Politics: Kreuzberg or Gillamoos: Cool reaction to Merz statement

politics
Kreuzberg or Gillamoos: Cool reaction to Merz statement

CDU leader Friedrich Merz speaks at the Gillamoos political morning pint. photo

© Sven Hoppe/dpa

CDU leader Friedrich Merz causes discussions with statements about the district of Kreuzberg. Berlin reacts coolly while the debate on urban and rural politics continues to simmer.

A derogatory remark from CDU leader Friedrich Merz about Berlin-Kreuzberg at the Bavarian folk festival Gillamoos met with cool reactions in the capital. “We like Kreuzberg, and Germany, and the Sauerland, and Gillamoos,” said the spokeswoman for Governing Mayor Kai Wegner, who also belongs to the CDU, to the “Tagesspiegel”. “And a bit of Kreuzberg for everyone would also be good.”
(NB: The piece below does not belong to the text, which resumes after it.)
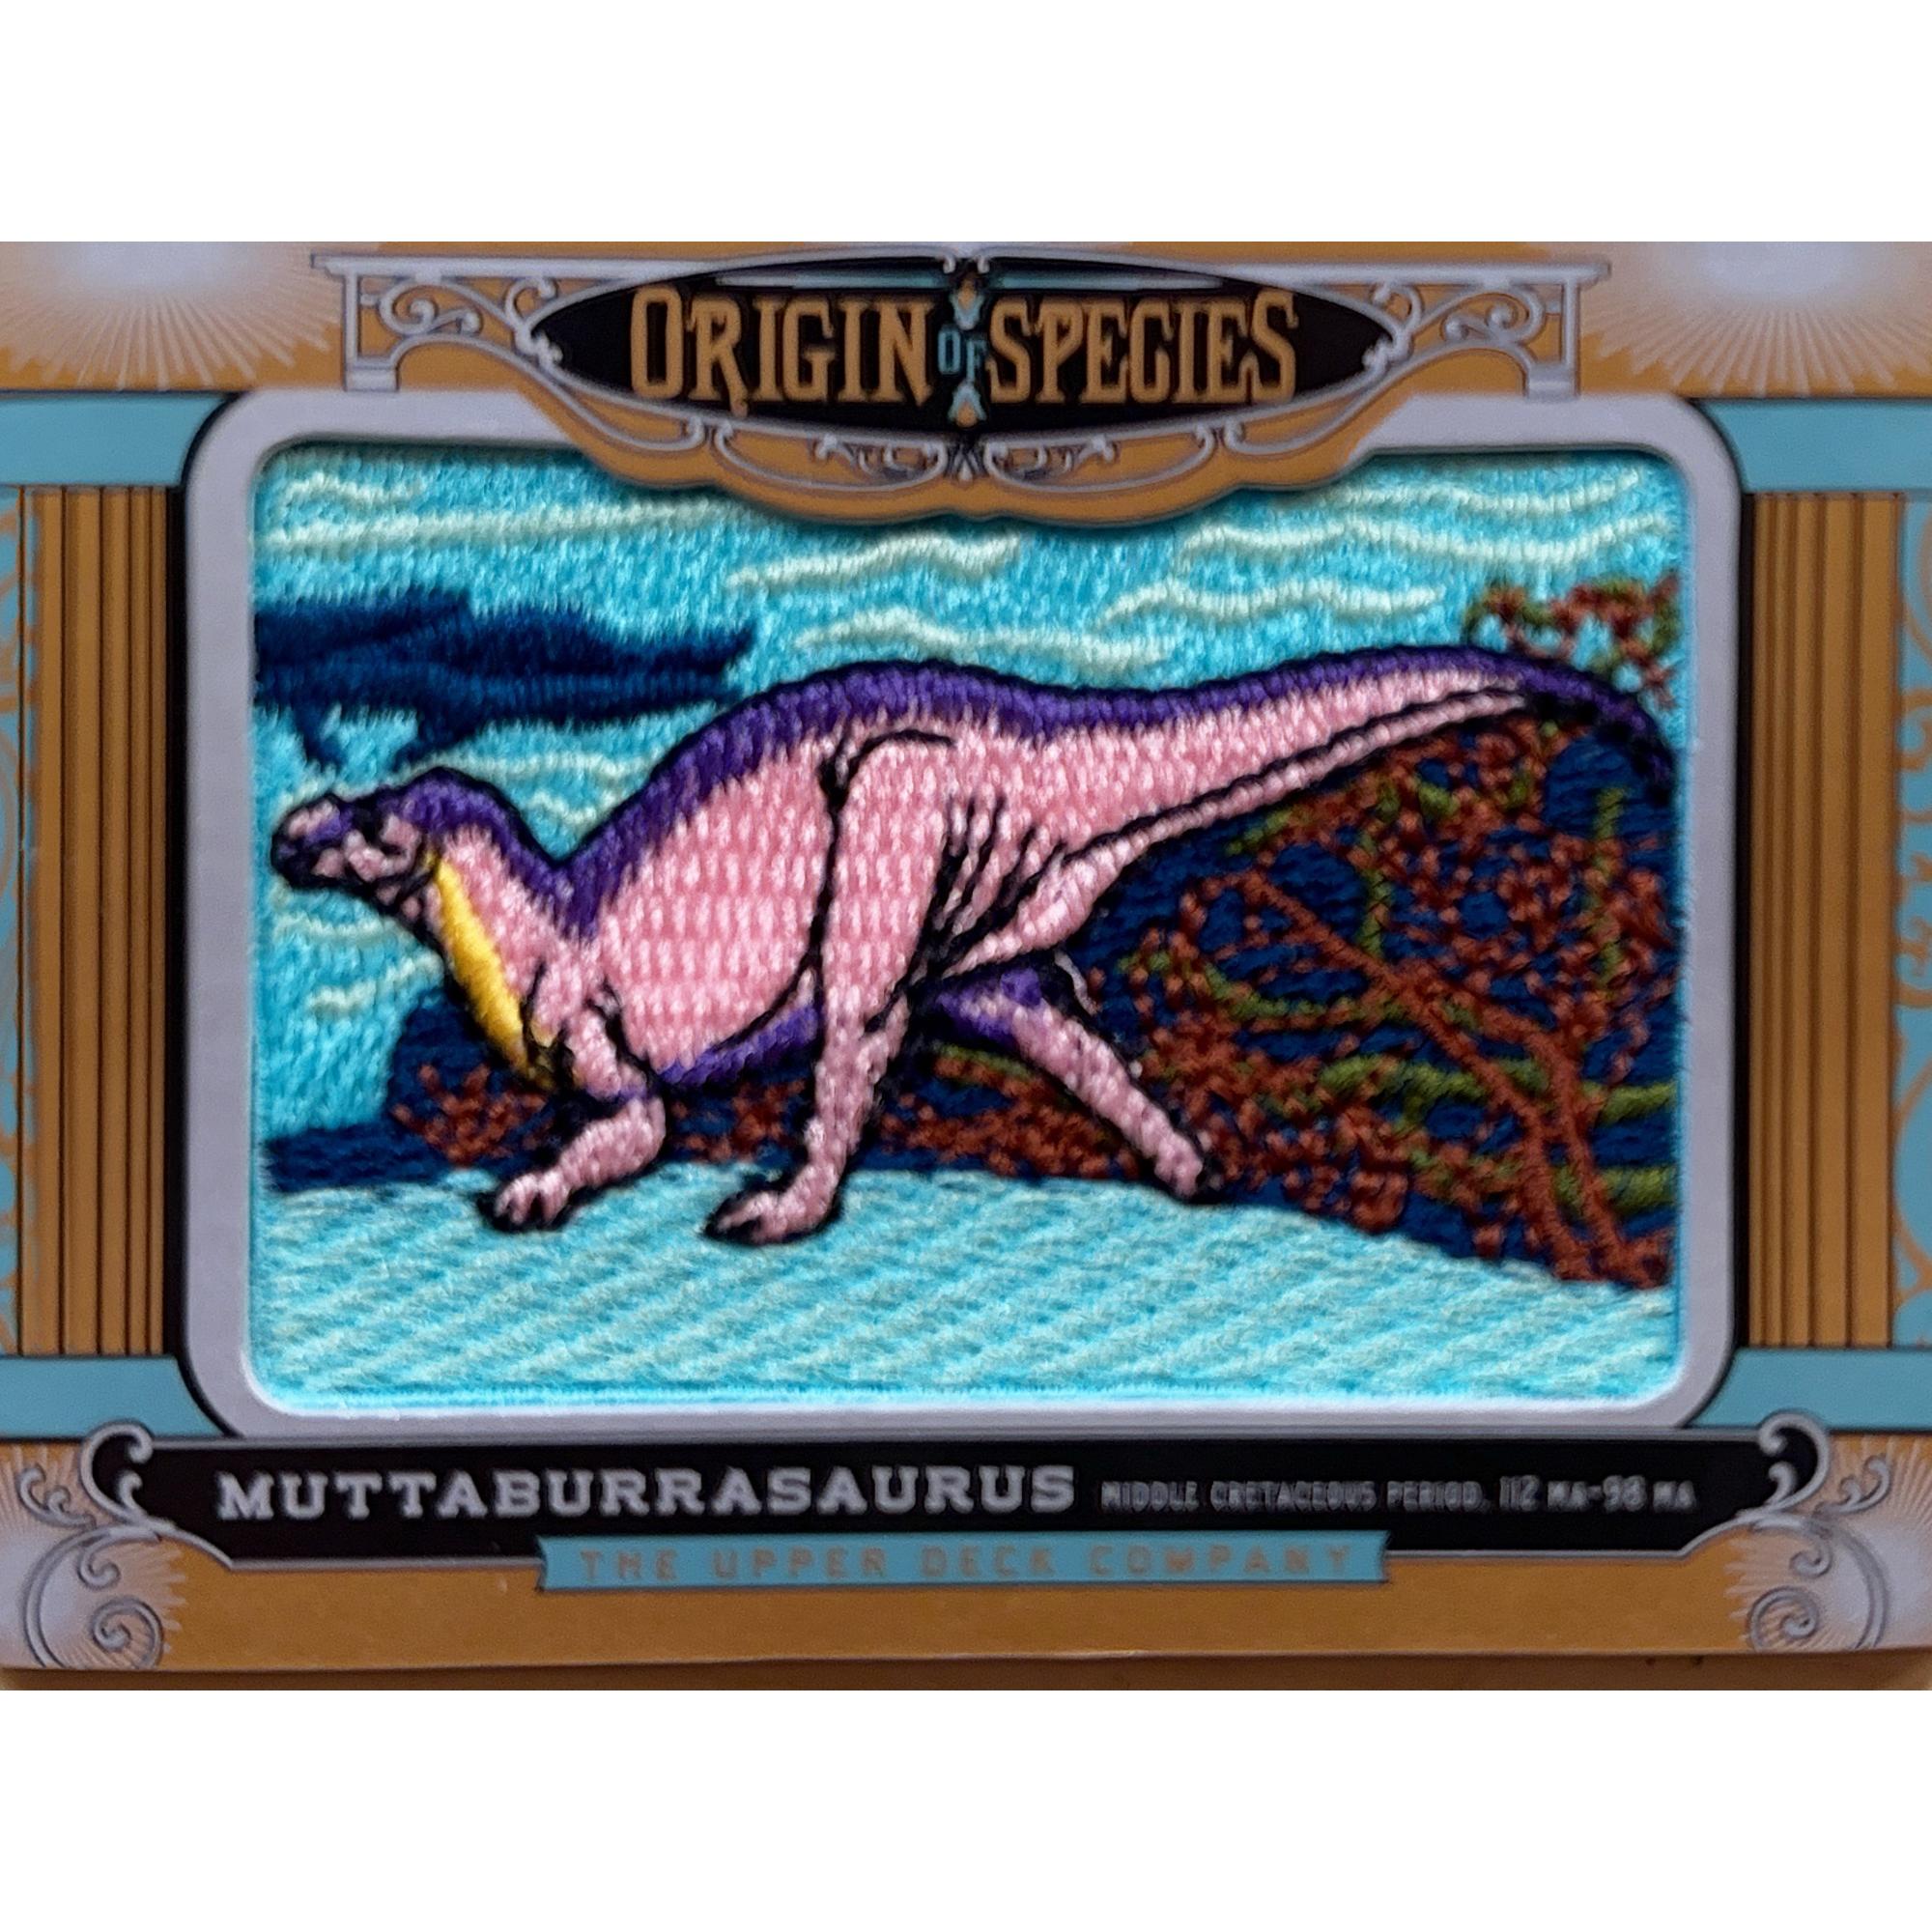 Upper deck, Muttaburrasaurus patch Prehistoric Online

Merz said on Monday at a beer tent appearance at the folk festival in Abensberg, Lower Bavaria: “Kreuzberg is not Germany, Gillamoos is Germany.”

The CDU politician Helge Braun was asked about this on Deutschlandfunk on Tuesday and explained Merz’s statements as follows: The traffic light coalition does a lot of politics for urban regions with an image of humanity that worries many people. Many in rural areas did not feel taken along. Braun cited cannabis legalization or free gender choice as examples. The CDU cannot support this.

The debate that federal politicians in Berlin gear their policies too much to people in the city and not enough to people in the country has been going on for a long time. Kreuzberg is also a symbol for a district with many immigrants. It is also a stronghold of the Greens – with a very small proportion of voters from the CDU.

The green mayor of Friedrichshain-Kreuzberg, Clara Herrmann, commented on Merz’s statement in the “Tagesspiegel”: “Even in the Sauerland, more people are traveling by bike than by private jet” – apparently an allusion to the fact that Merz sometimes uses his own plane Is on the way.